Given a integer array nums of length ‘N’ and an integer ‘K’, return the number of pairs ‘(i, j)’ such that:

1 <= ‘i’ < ‘j’ <= ‘N’ and ‘nums[i] * nums[j]’ is divisible by ‘K’.

EXAMPLE : 
‘N’ = 5, ‘K’ = 4, ‘nums’ = [2, 6, 1, 7, 8]
Output: 5
Explanation: (1, 2), (1, 5), (2, 5), (3, 5), and (4, 5) pairs have their products divisible by K.
Detailed explanation ( Input/output format, Notes, Images )
Input Format : 
The first line will contain the integer 'T', the number of test cases.

Each test case consists of two lines.

The first input line contains two integers, 'N' and 'K', separated by spaces.

Followed by a line containing space-separated ‘N’ positive integers, denoting the array nums.
Output format : 
For each test case, print the count of unique pairs having their product divisible by ‘K’.
Note : 
You don't need to print anything. It has already been taken care of. Just implement the given function.
Constraints : 
1 <= 'T' <= 10
1 <= 'N' <= 10^5
1 <= 'K' <= 10^5
1 <= ‘nums[i]’ <= 10^6
It is guaranteed that sum of ‘N’ over all test cases is <= 10^5
Time Limit: 1 sec
Sample Input 1 :
2
4 5
1 2 3 4
5 2
1 2 3 4 5
Sample Output 1 :
0
7
Explanation Of Sample Input 1 :
For the first test case, there is no pair of indices whose corresponding product is divisible by 5.
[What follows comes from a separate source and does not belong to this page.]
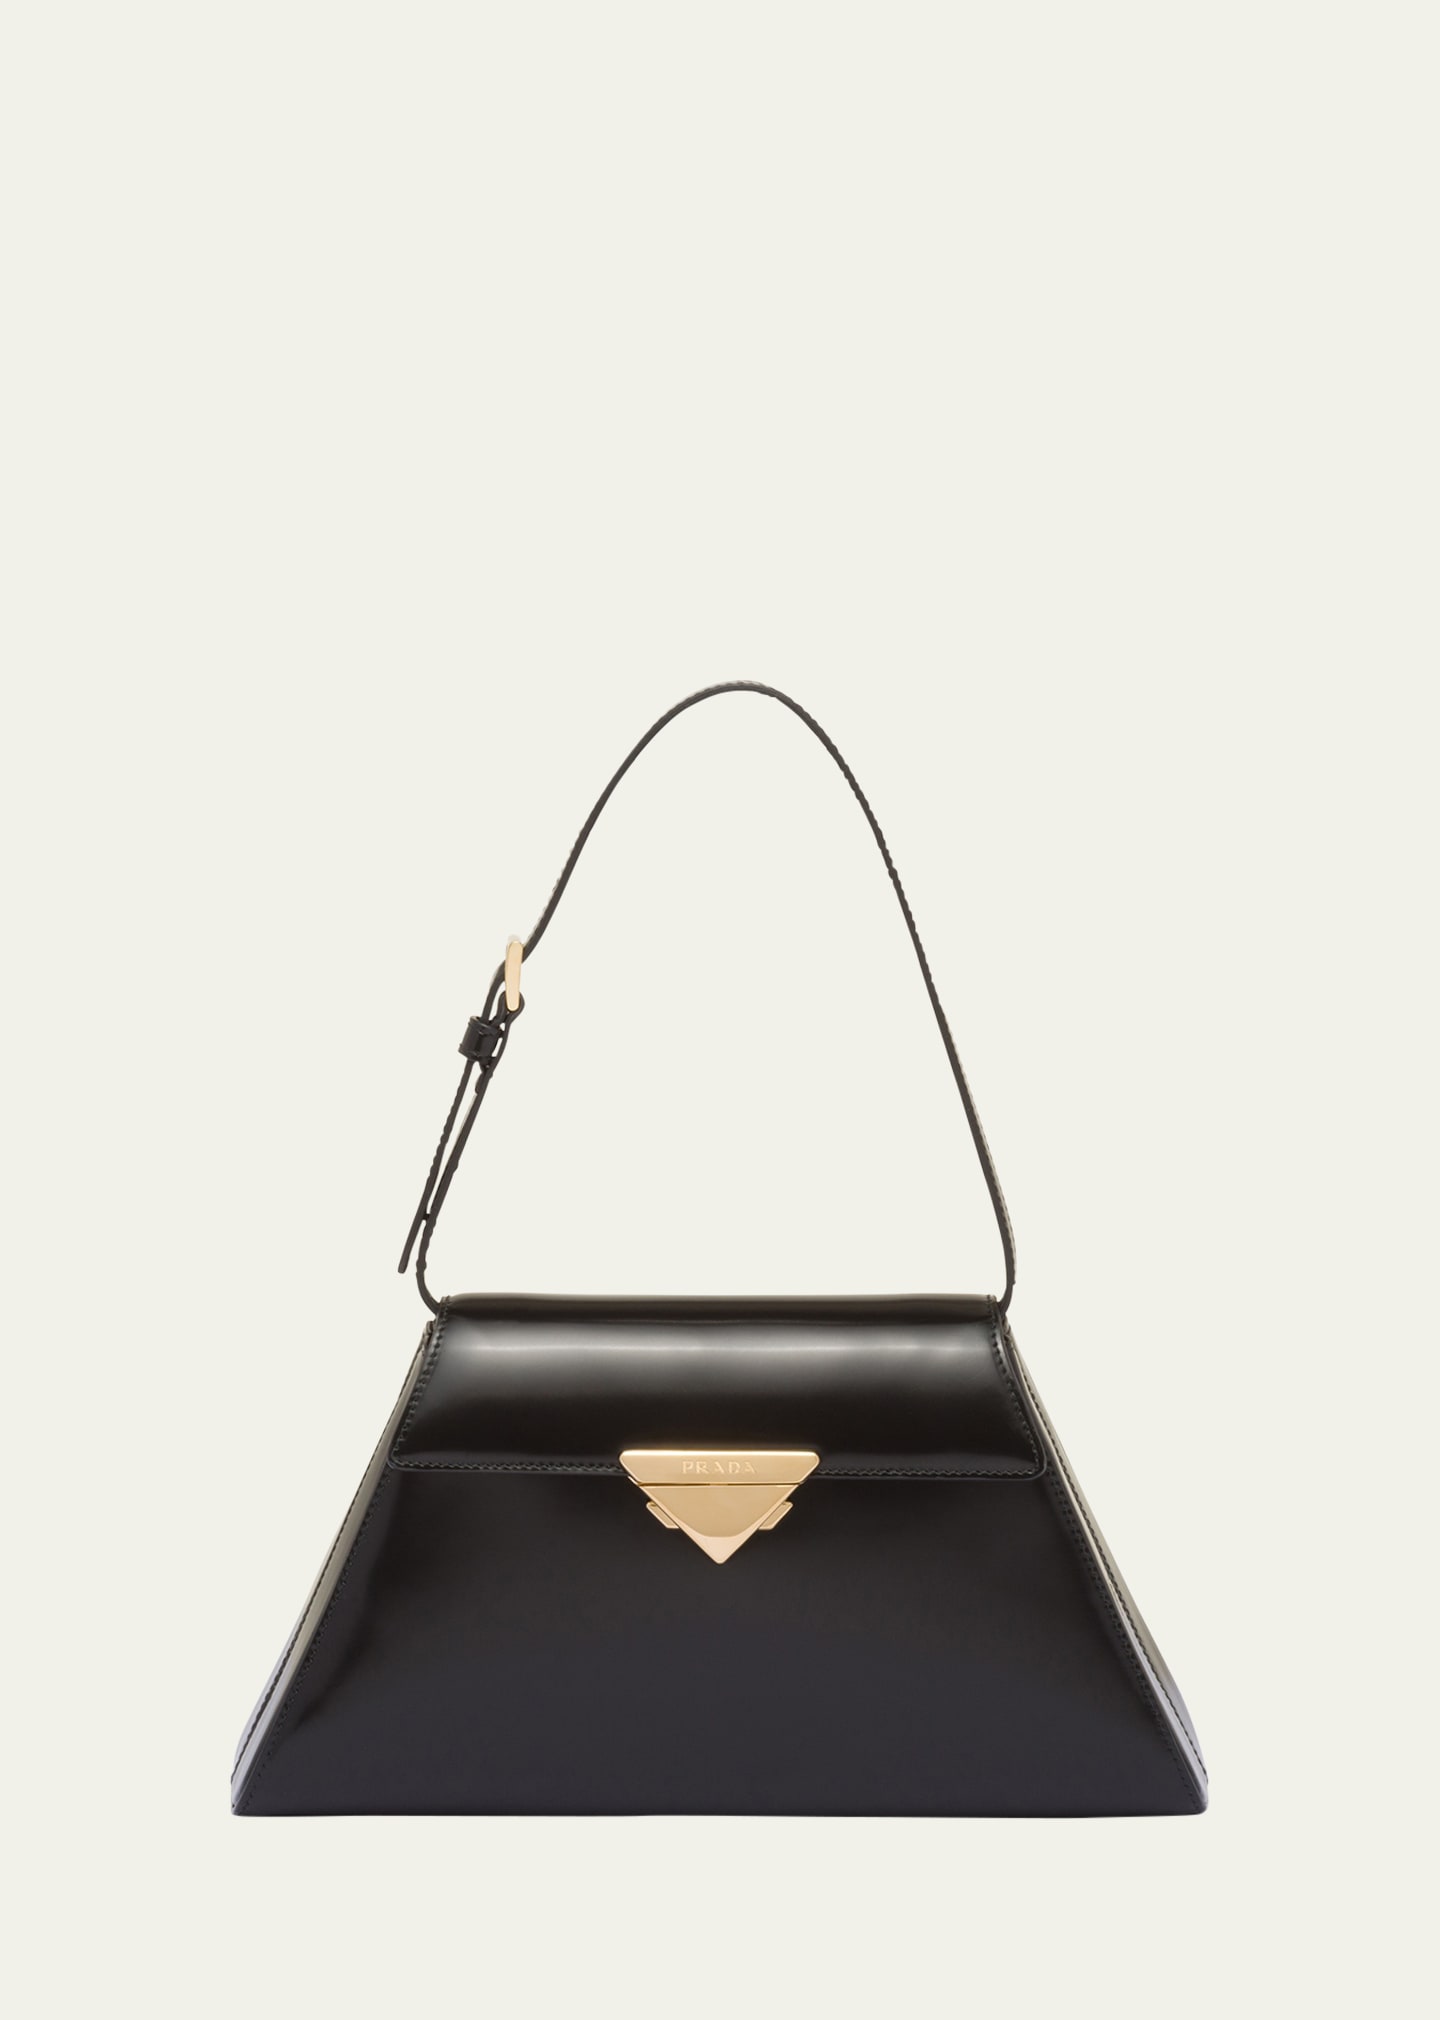 Prada Nylon Double-Zip Toiletry Bag, Black - Bergdorf Goodman

For the second test case, the seven pairs of indices whose corresponding products are divisible by two are
(1, 2), (1, 4), (2, 3), (2, 4), (2, 5), (3, 4), and (4, 5).
Their products are 2, 4, 6, 8, 10, 12, and 20 respectively.
Other pairs such as (1, 3) and (3, 5) have products 3 and 15, respectively, which are not divisible by 2.
Sample Input 2 :
2
7 3
3 2 6 1 8 4 1
9 6
8 10 2 5 9 6 3 8 2
Sample Output 2 :
11
18
Hint

Check for every possible pair.

Approaches (2)
Brute Force

The idea is to iterate over all possible pairs and check if their product is divisible by ‘K’ or not.
 

If it is divisible by ‘K’ we will increment our answer count by one. Initially, its value will be zero.
 

Here the number of pairs can exceed the 32-bit integer type; hence we will use the 64-bit integer type to store the answer.
 

Algorithm:
 

// This function will iterate through every possible pair which can be formed using a given array ‘nums’ of length ‘N’ and return the count of pairs whose product is divisible by ‘K’.

Int pairProductDivByK(N, K, nums) 

  • Initialize variable named ‘ans’ with value 0.
  • Run a loop from 0 to ‘N-1’ with a variable ‘i’
    • Run a loop from 0 to ‘i-1’ with a variable ‘j’
      • If ‘nums[i] * nums[j] % K == 0’ increment ‘ans’ by one
  • Return ‘ans’
Time Complexity

O(N * N), Where ‘N’ is the input integer denoting the size of the array ‘nums’.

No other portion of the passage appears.